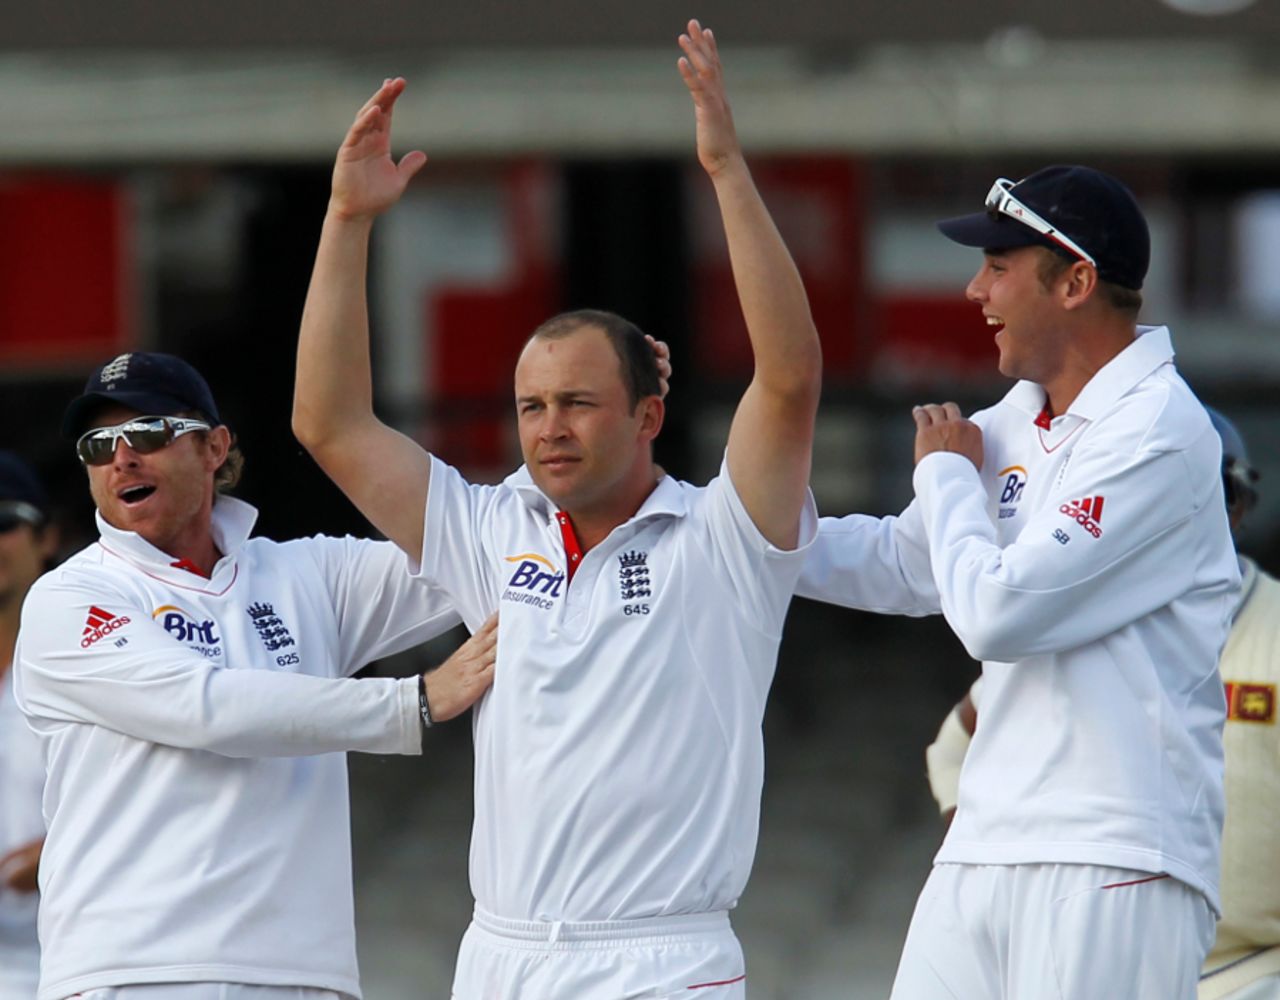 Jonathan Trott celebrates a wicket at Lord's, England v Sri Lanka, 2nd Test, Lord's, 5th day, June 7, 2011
____
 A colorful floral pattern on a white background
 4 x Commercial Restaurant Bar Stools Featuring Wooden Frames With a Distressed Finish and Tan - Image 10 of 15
____
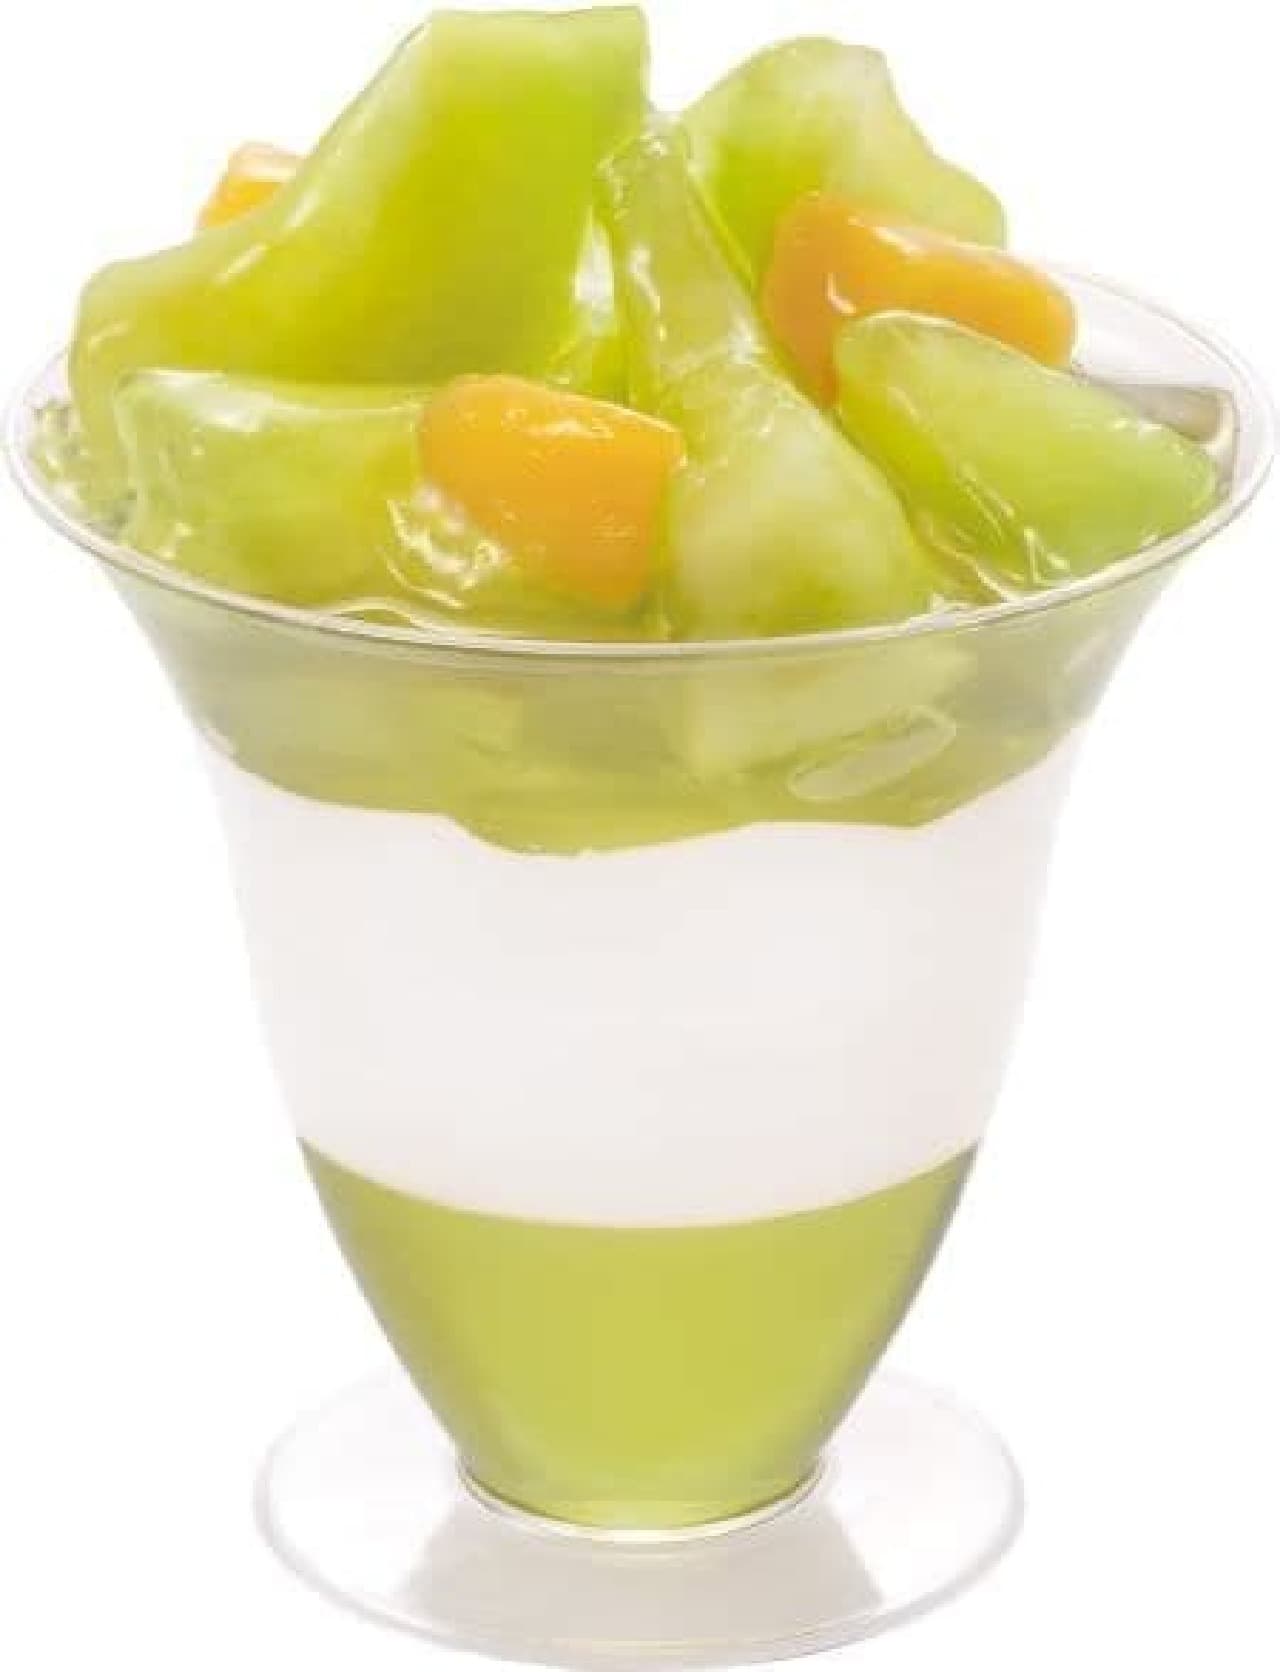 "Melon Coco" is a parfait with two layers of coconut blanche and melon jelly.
____
▸ What you need to do: Write out, from the lines above, only those from the line with "A colorful floral" to the line with "4 x Commercial", exactly as given, including the first and the last.

▸ Task answer:
 A colorful floral pattern on a white background
 4 x Commercial Restaurant Bar Stools Featuring Wooden Frames With a Distressed Finish and Tan - Image 10 of 15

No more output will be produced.